Theatrical release poster
Directed by Melvin Frank
Produced by Leonard C. Kroll
Written by Robert Klane
Starring Howie Mandel
Christopher Lloyd
Cloris Leachman
Colleen Camp
Amy Steel
James Slice
Music by Lee Holdridge
Cinematography Victor J. Kemper
Edited by Bill Butler
Stephen Butler
Distributed by Metro-Goldwyn-Mayer
Release dates
  • April 17, 1987 (1987-04-17)
Running time
86 min
Country United States
Language English
Box office $460,608

Walk Like a Man is a 1987 American comedy film about a young man who finally returns to his high-society family after having been raised by wolves. The film is the last one to be directed by Melvin Frank. It stars Howie Mandel, Christopher Lloyd, Amy Steel, and Cloris Leachman. It was released to theaters on April 17, 1987.


Henry Shand goes to Alaska to search for gold and find his fortune. While there, his spoiled brat of a son, Reggie, gets mad that he has to work for money. What further angers him is the fact that he has to share the dogsled with his two-year-old brother Robert, nicknamed "Bobo". Reggie decides to take matters into his own hands and pushes the toddler off the sled, leaving him to die in the wintery Klondike wilderness.

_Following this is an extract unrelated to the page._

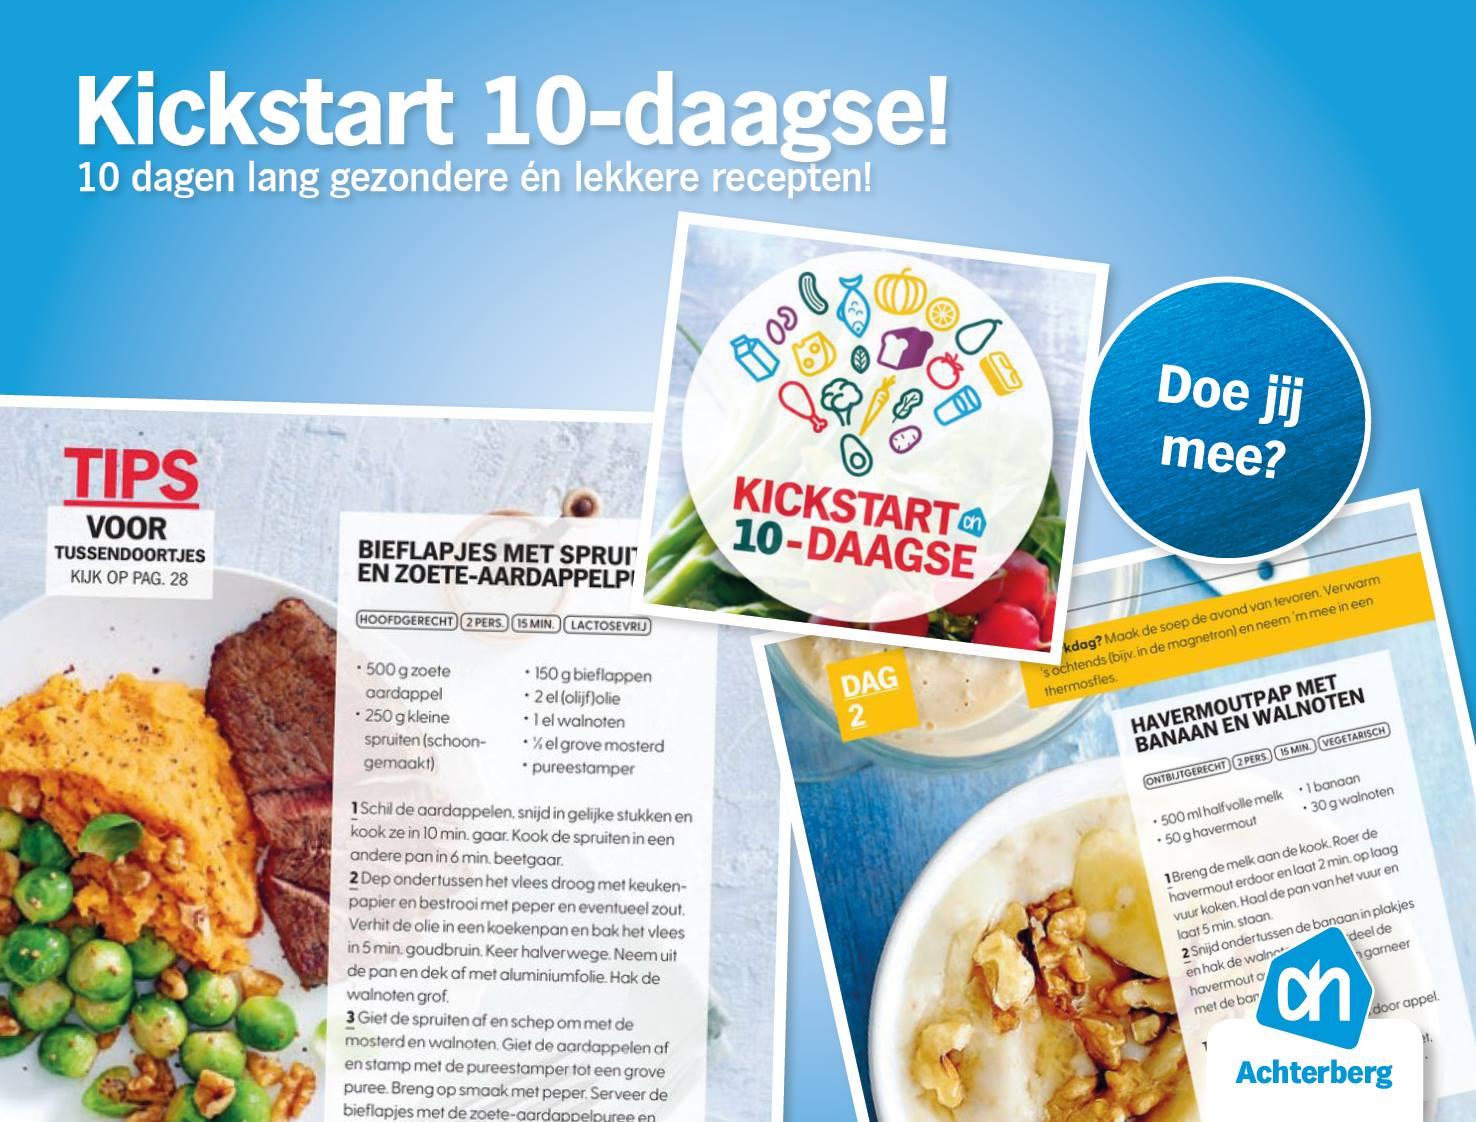 Kickstart 10-daagse!
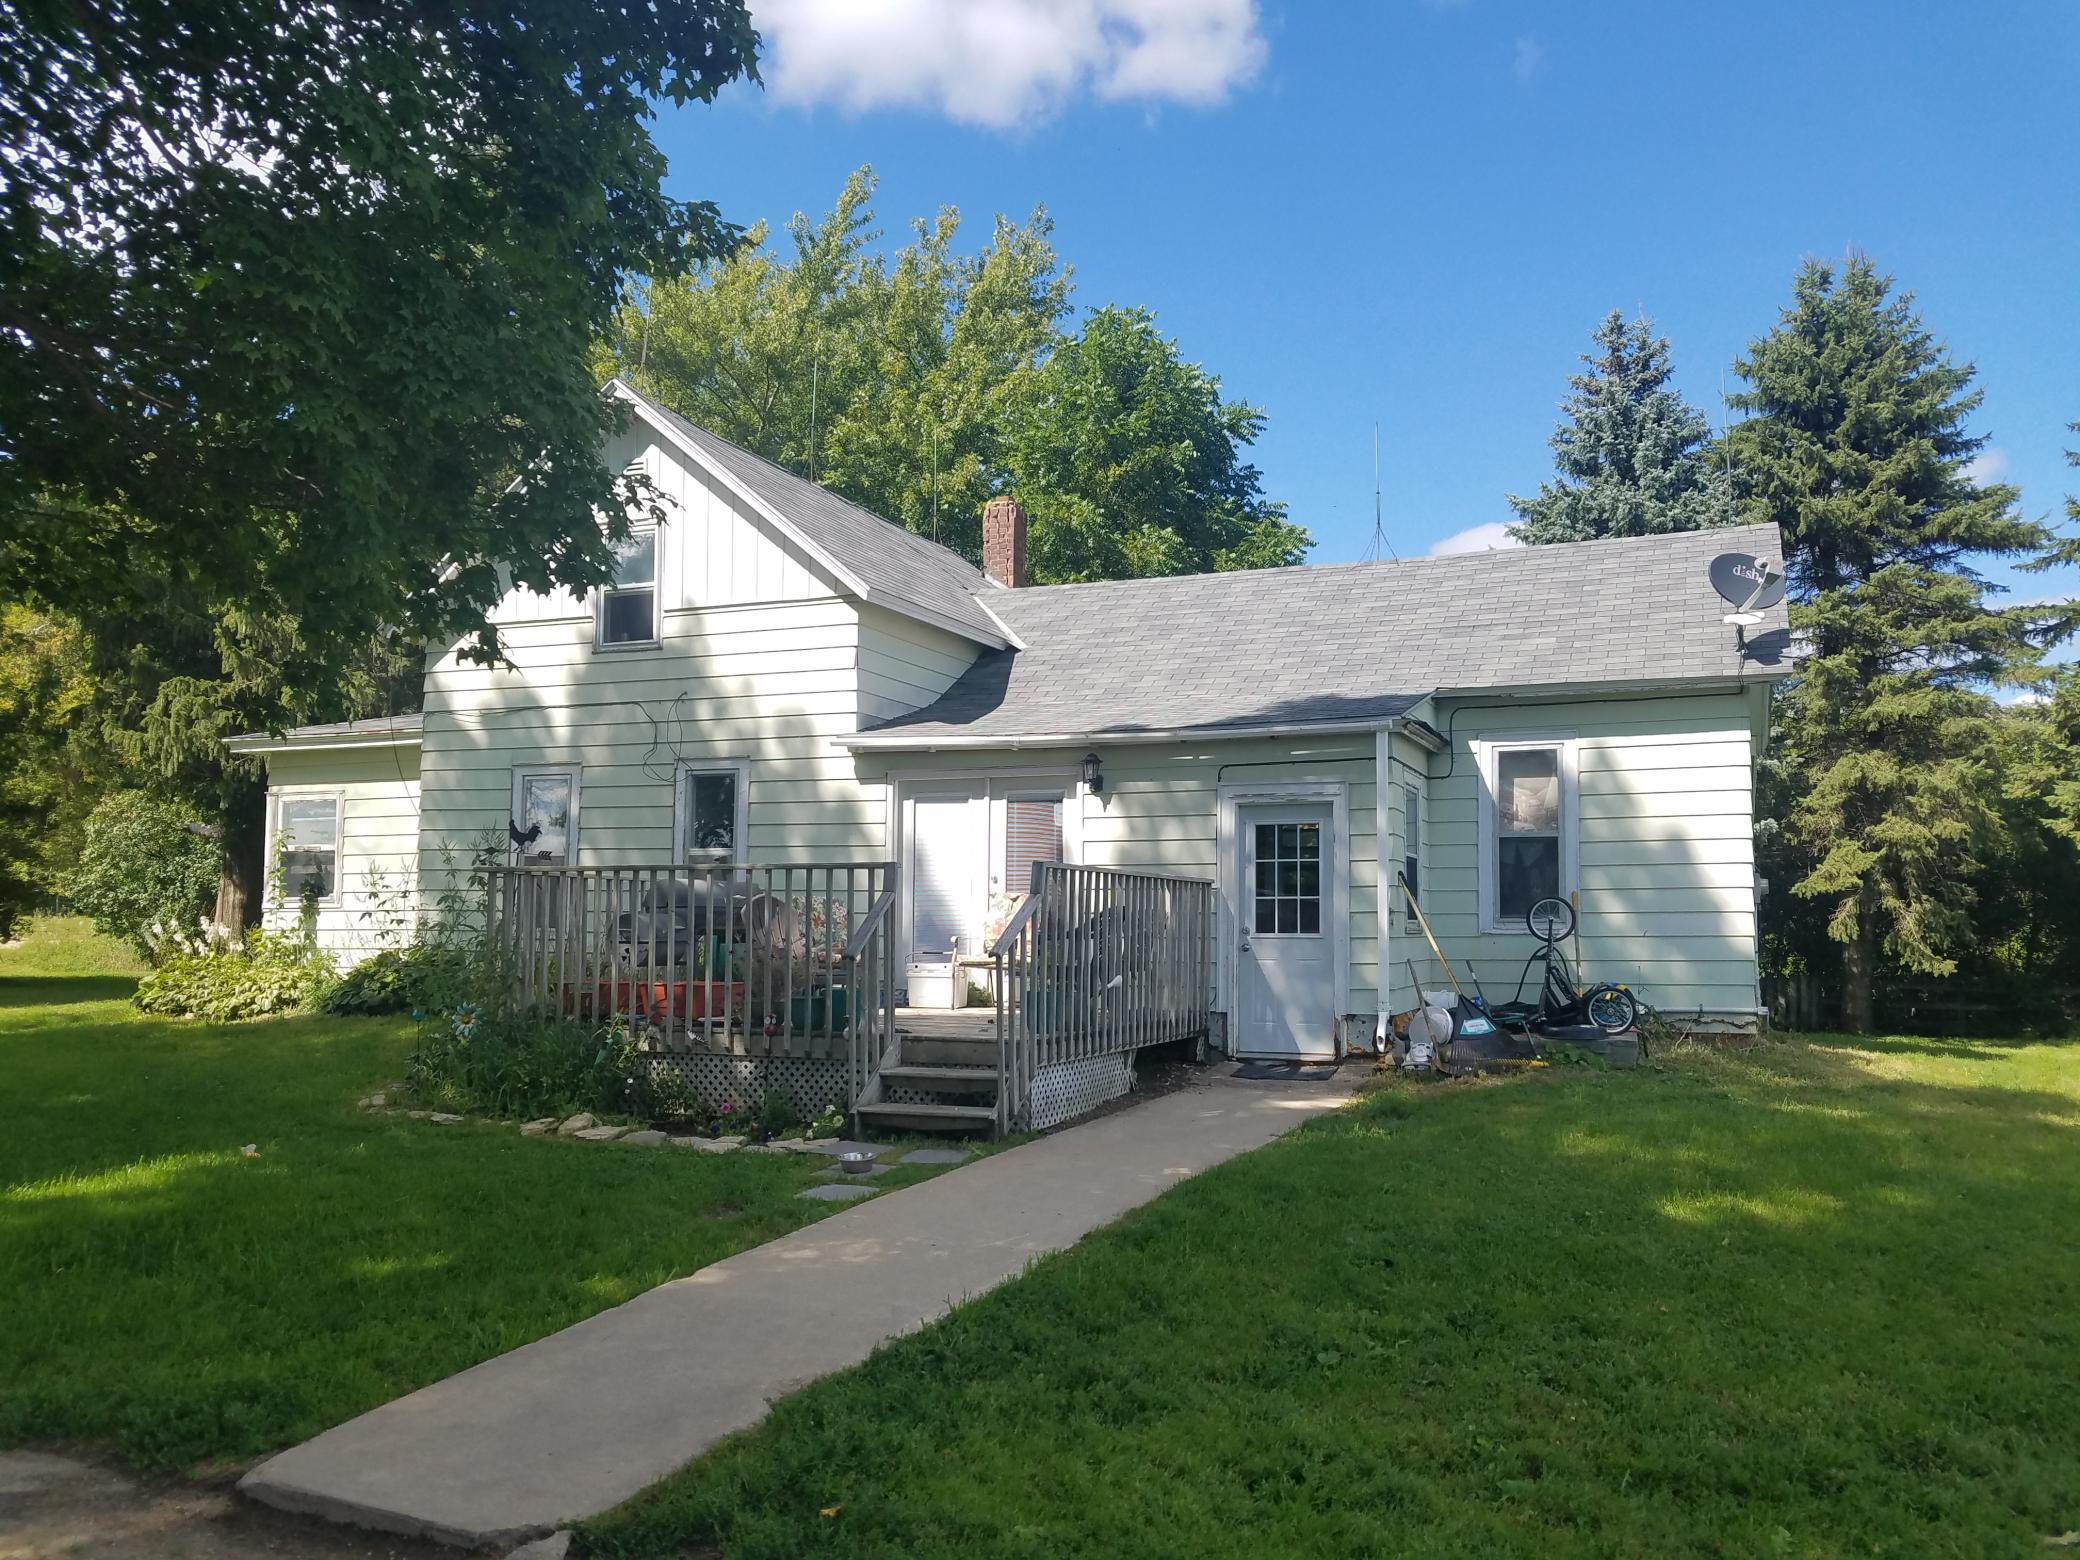 56844 205th Avenue Property Photo - Dodge Center, MN real estate listing

Some twenty years later, Henry has died, giving Reggie a large inheritance of thirty million dollars. Reggie foolishly spends it within a year, causing his new bride, Rhonda, to become an angry alcoholic, as they have gone broke and had to move back in with Reggie's mother, Margaret. Margaret has gone insane since Bobo's disappearance and Henry's death, and has now spent much of the family's fortune on buying homes for stray cats.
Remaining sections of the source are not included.